Sekularisasi Pendidikan Mencetak Generasi Tega
Clever Pardi Bara (17), siswa salah satu sekolah di Kecamatan Sabu Barat, Kabupaten Sabu Raijua, Nusa Tenggara Timur (NTT), tewas ditikam teman sekolahnya SLR Senin (3/9/2018) (kompas.com)
Dikutip dari media harian kompas.com, 4/9/2018 , Clever Pardi Bara (17) sedang melerai perkelahian antara SLR (18) sang pelaku dengan Fito yang terjadi di lingkungan sekolahnya. SLR berniat mengeluarkan pisau untuk menikam Fito. Namun posisi korban yang berada di tengah keduanya. Membuat pisau salah sasaran dan justru menikam korban yang sedang berusaha melerai. Clever tewas bersimbah darah dengan pisau menancap tepat di ulu hati.
Kejadian ini patut disayangkan banyak pihak. Mengingat ada senjata tajam masuk ke wilayah sekolah. Apatah lagi digunakan SLR berkelahi hingga menewaskan Clever. Bagaimana bisa benda berbahaya seperti itu masuk ke lingkungan?
Di masa sekolah seperti itu sudah sewajarnya seorang pelajar sedang repot membawa buku-buku yang bercetak tebal untuk persiapan pelajaran. Bukan malah membawa pisau yang jelas-jelas membahayakan. Sewajarnya mereka sedang sibuk memikirkan pekerjaan rumah dan berdiskudi tentang kasus di buku pelajaran. Namun nyatanya mereka malah terlibat dalam kasus perkelahian hingga berujung pembunuhan.
Miris, anak belasan tahun yang harusnya sedang sibuk mempersiapkan Ujian Nasional. Sibuk mengejar nilai tinggi demi masuk Perguruan Tinggi favorit. Atau sibuk mempersiapkan diri untuk lulus sekolah dan bersiap memasuki dunia kerja. Sebaliknya malah menjadi pemeran utama dalam kasus pembunuhan seperti ini. Tega menghilangkan nyawa teman sendiri.

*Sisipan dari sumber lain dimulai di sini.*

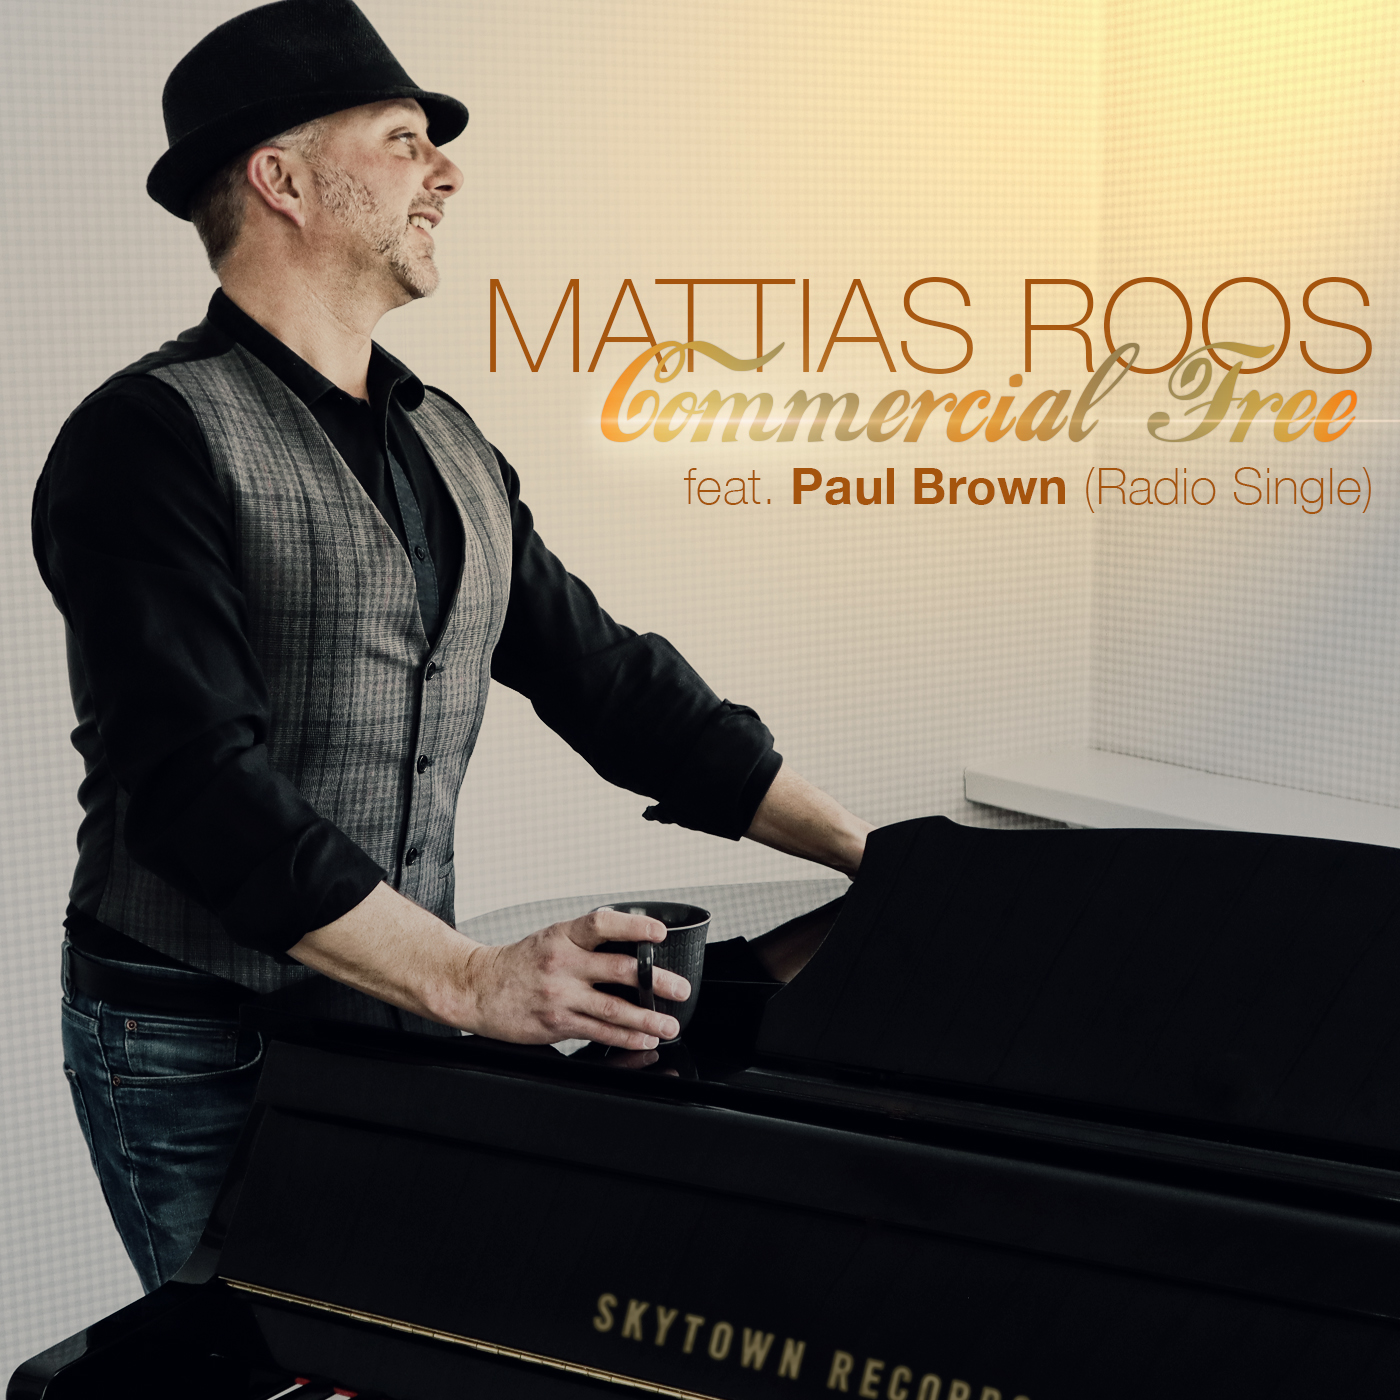 Art for Commercial Free feat. Paul Brown by Mattias Roos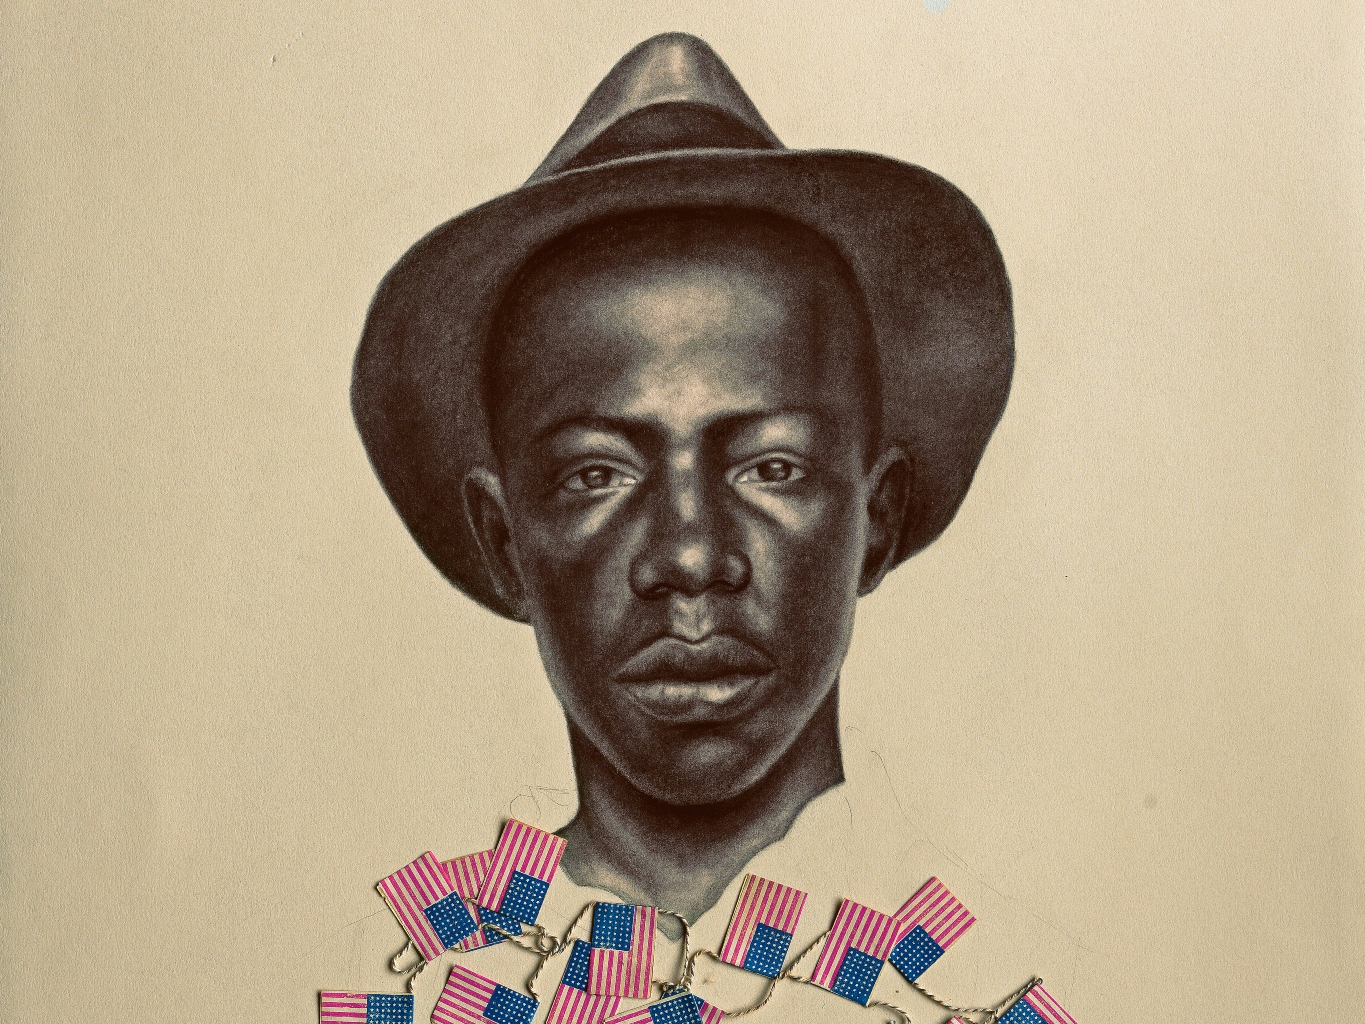 Drawing of a man wearing a hat with a chain of American flags added to the paper beneath his neck.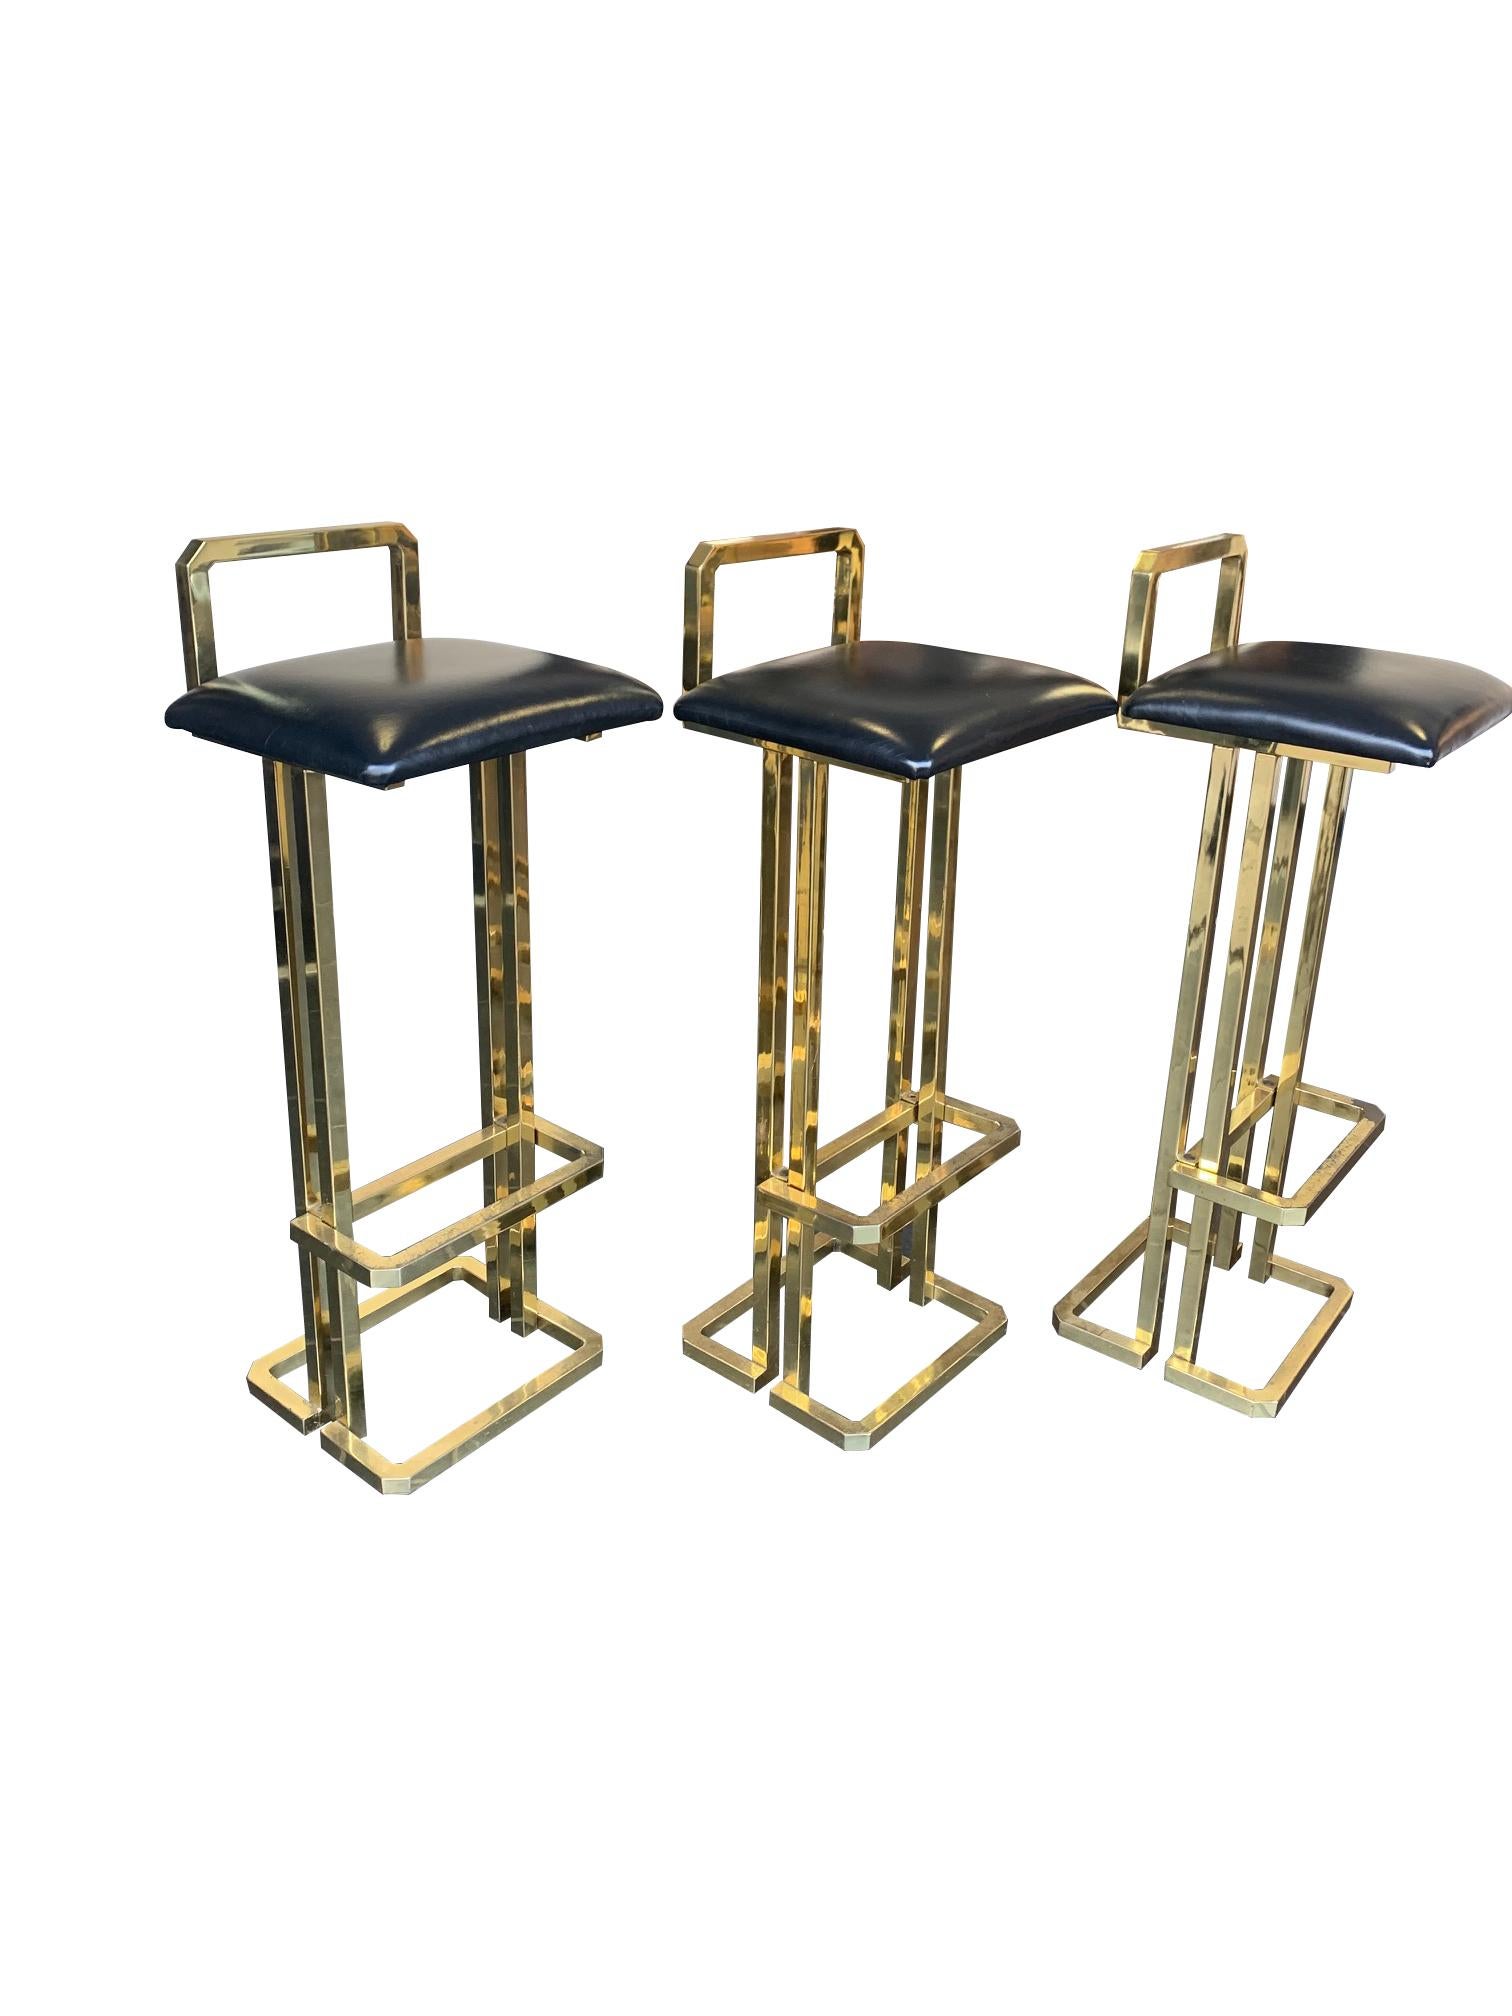 Mid-Century Modern Set of 3 Maison Jansen Style Gilt Metal Stools with Black Leather Seat Pads For Sale

Inilah fakta hari ini, kurikulum yang diterapkan tidak mampu membentuk akidah dan akhlak mulia. Sebaliknya justru melahirkan remaja “Trouble Maker” minus iman, akhlak dan adab. Alih-alih menjadi harapan umat sebaliknya menjadi generasi yang rusak. Terlibat narkoba, tawuran, ospek yang berujung kekerasan yang bahkan banyak diantara kasus terjadi di lingkungan sekolah. Kondisi ini memperlihatkan mental buruk anak bangsa dengan didikan kurikulum buah dari sistem sekular. Memisahkan agama dengan kehidupan nyata, yang mencetak remaja rentan berpenyakit masyarakat.
Islam sebagai aqidah dan syariat melahirkan sistem pendidikan mumpuni. Mencetak generasi Rabbani, memiliki kesadaran tinggi tentang hakikat diri untuk apa diciptakan. Yaitu semata untuk beribadah kepada Alloh Ta’ala untuk menggapai ridho-Nya.
Ini dibuktikan dengan pola pikir dan pola sikap yang Islami, menjadikan Islan sebagai standar pemikiran dan perbuatan. Sehingga lahir generasi yang memiliki keimanan tinggi, berakhlaknul karimah dan beradab mulia.
Sudah seharusnya pendidikan tentang akidah, adab dan akhlak ditanamkan sejak dini. Kasus Clever menggambarkan pentingnya penanaman aqidah, adab dan akhlak. Agar remaja mengenal Sang Pencipta dan agamanya. Sehingga dia paham, bahwa apapun yang dilakukan nantinya pastilah dimintai tanggung jawab.
Itu semua dapat terwujud kalau Islam diterapakan secara kaaffah dalam seluruh aspek kehidupan. Tentunya penerapan Islam secara kaffah membutuhkan peran negara. Tanpa penerapan Islam secara kaaffah oleh negara, niscaya generasi tega akan terus merajalela. Wallahu’alam bishshawwab.